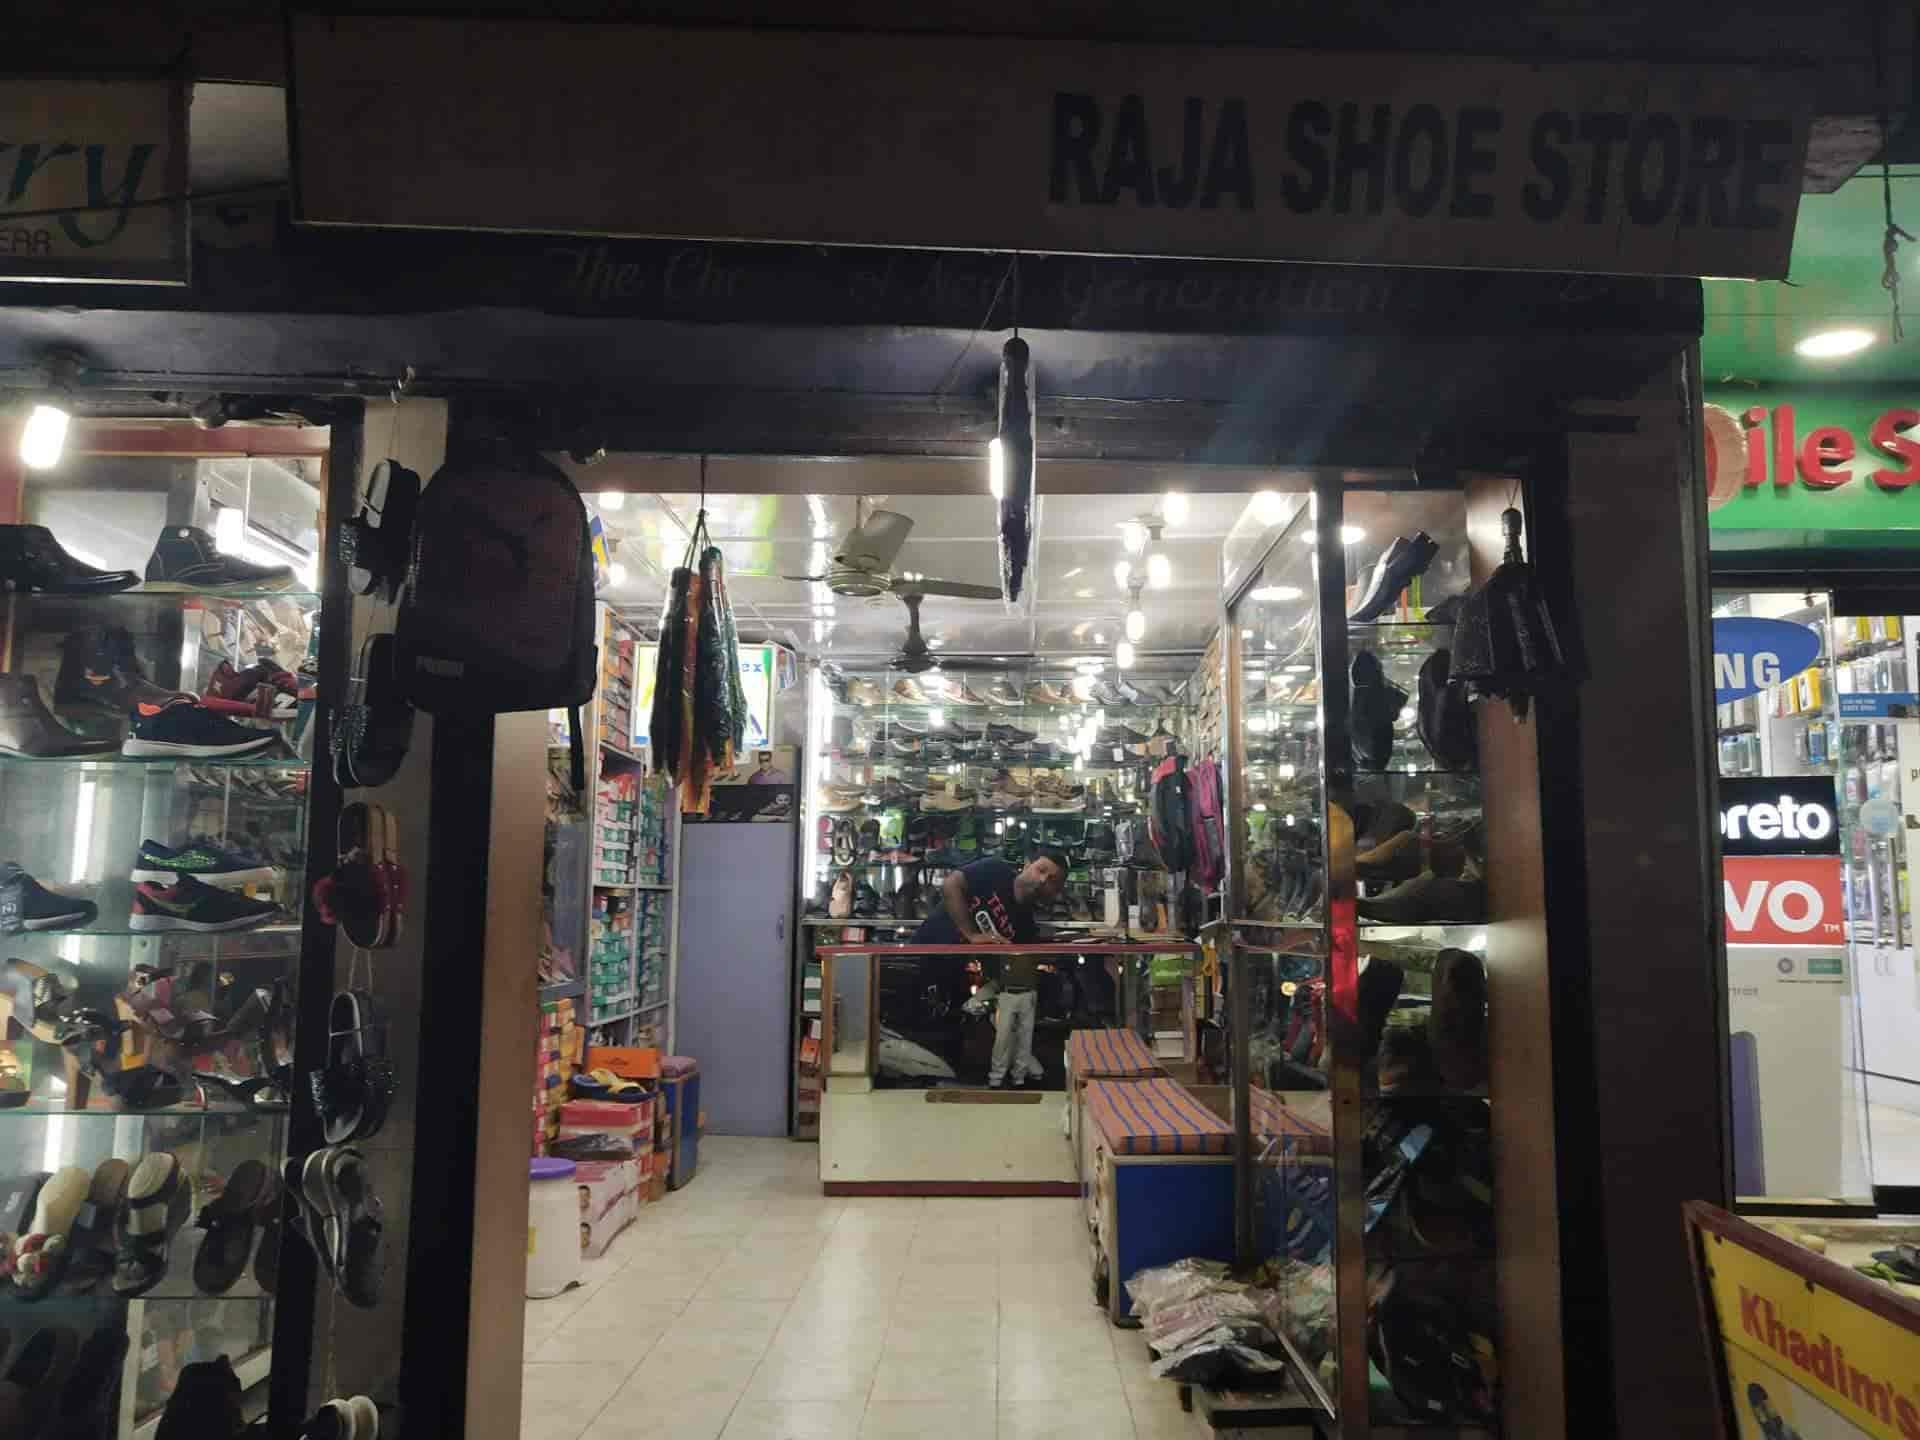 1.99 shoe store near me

***

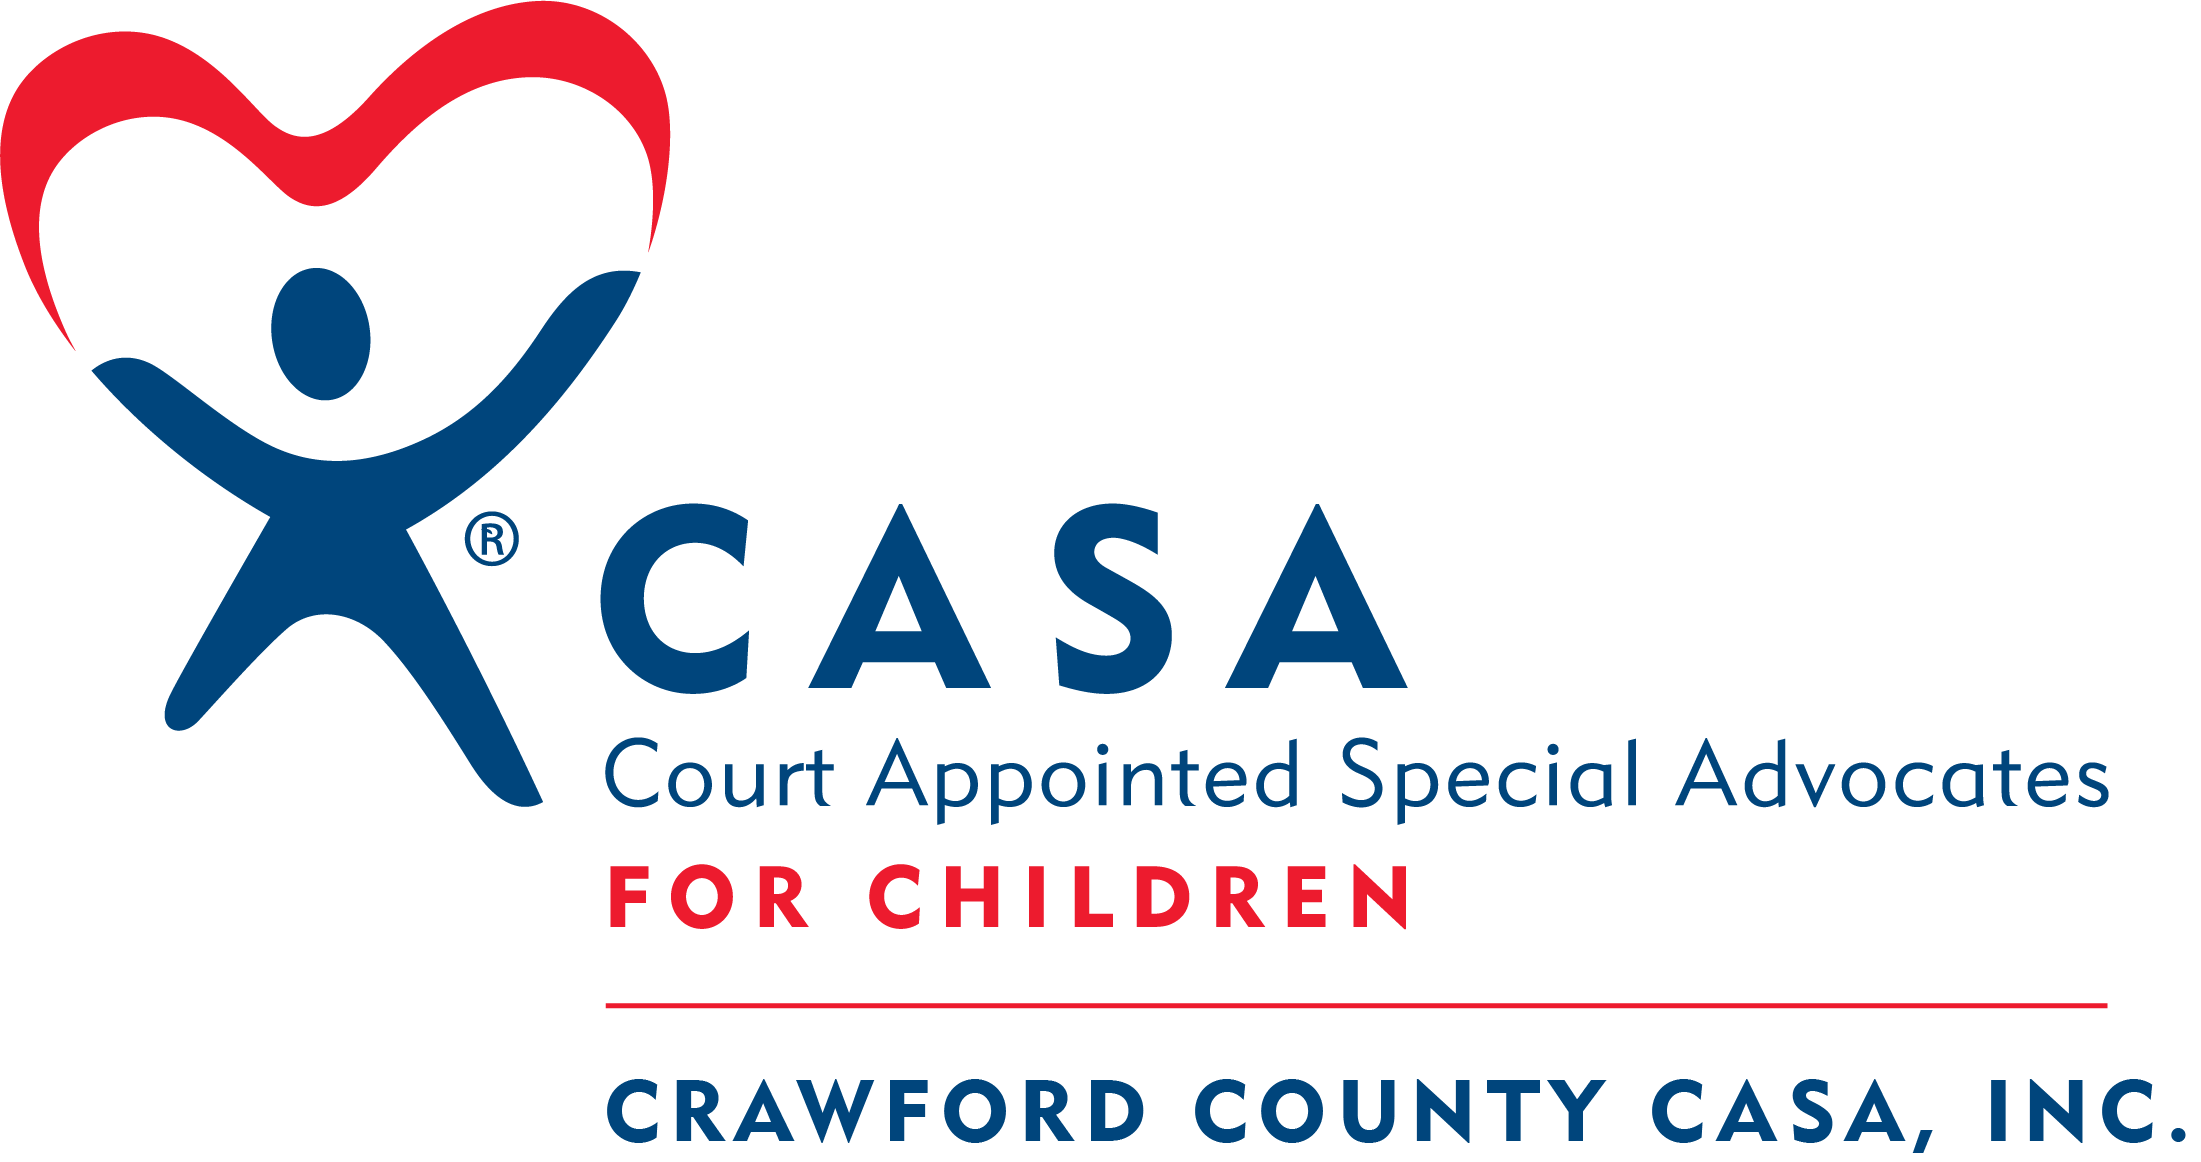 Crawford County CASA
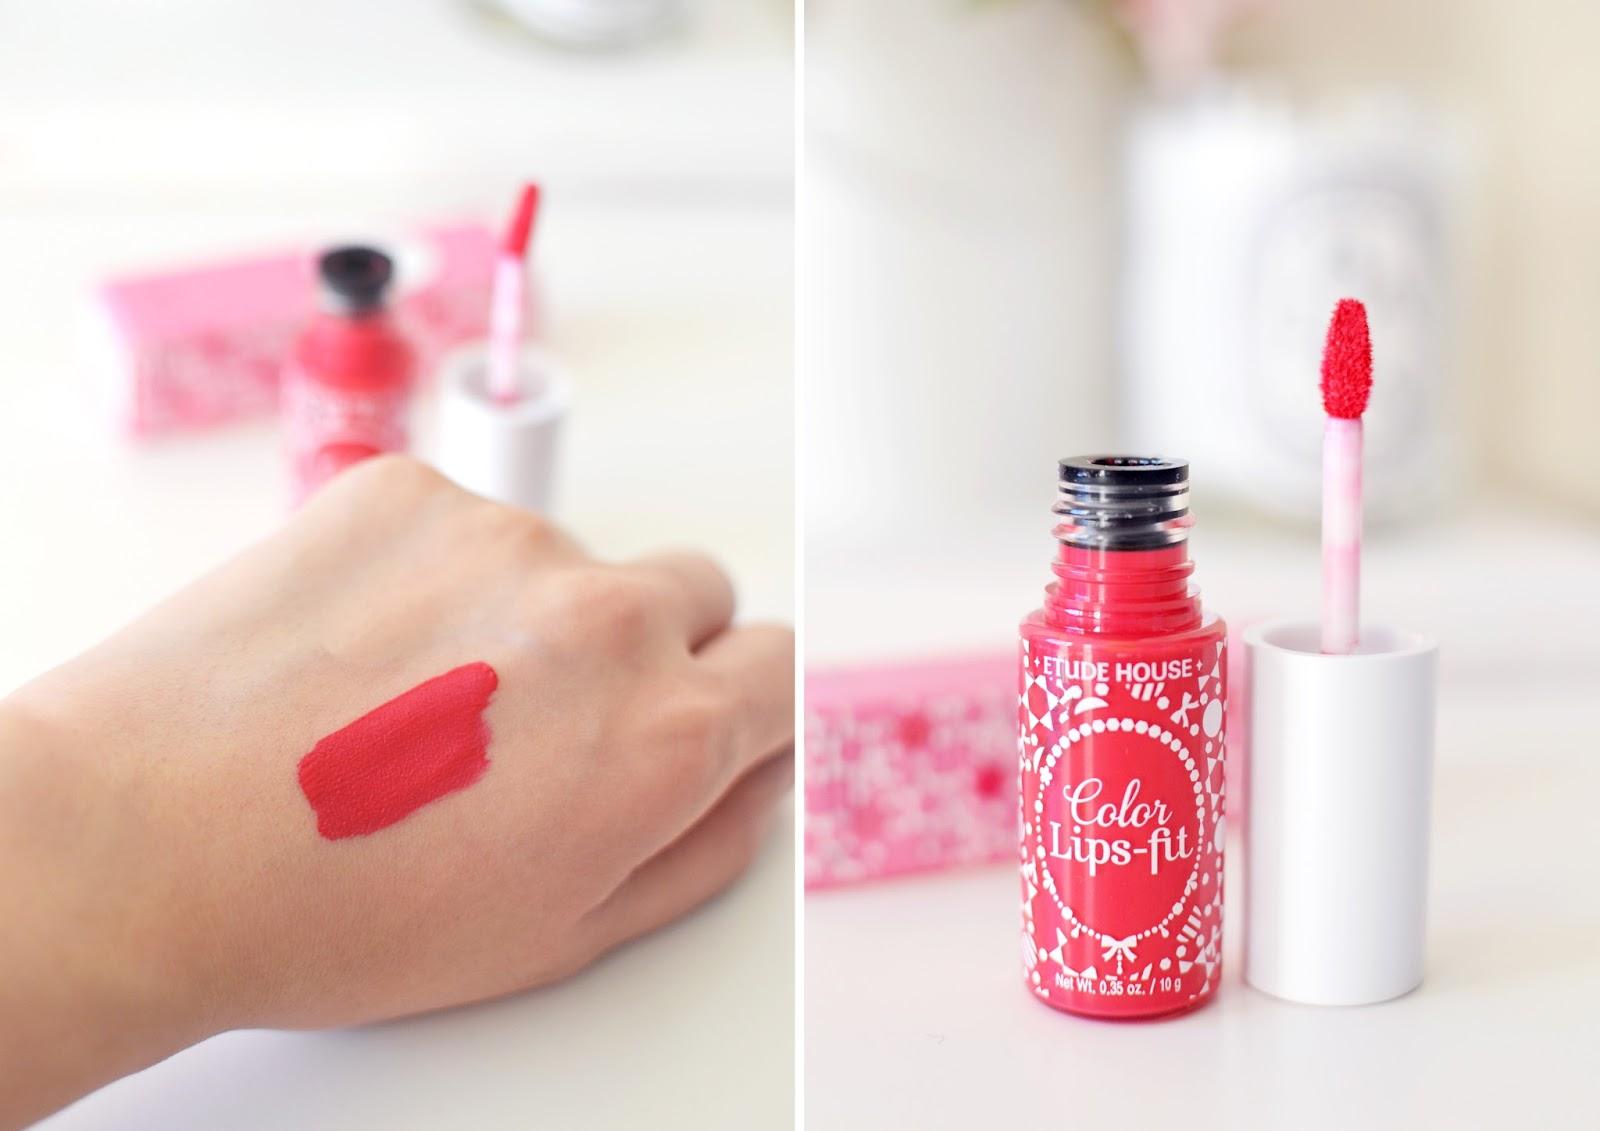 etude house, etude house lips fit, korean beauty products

***

● **Problem**: Using the records above, print exactly the run of lines that starts with the line with "Crawford County CASA" and goes on through the line with "etude house, etude", pictures excluded.

● **Reply to the exercise**:
 Crawford County CASA
 etude house, etude house lips fit, korean beauty products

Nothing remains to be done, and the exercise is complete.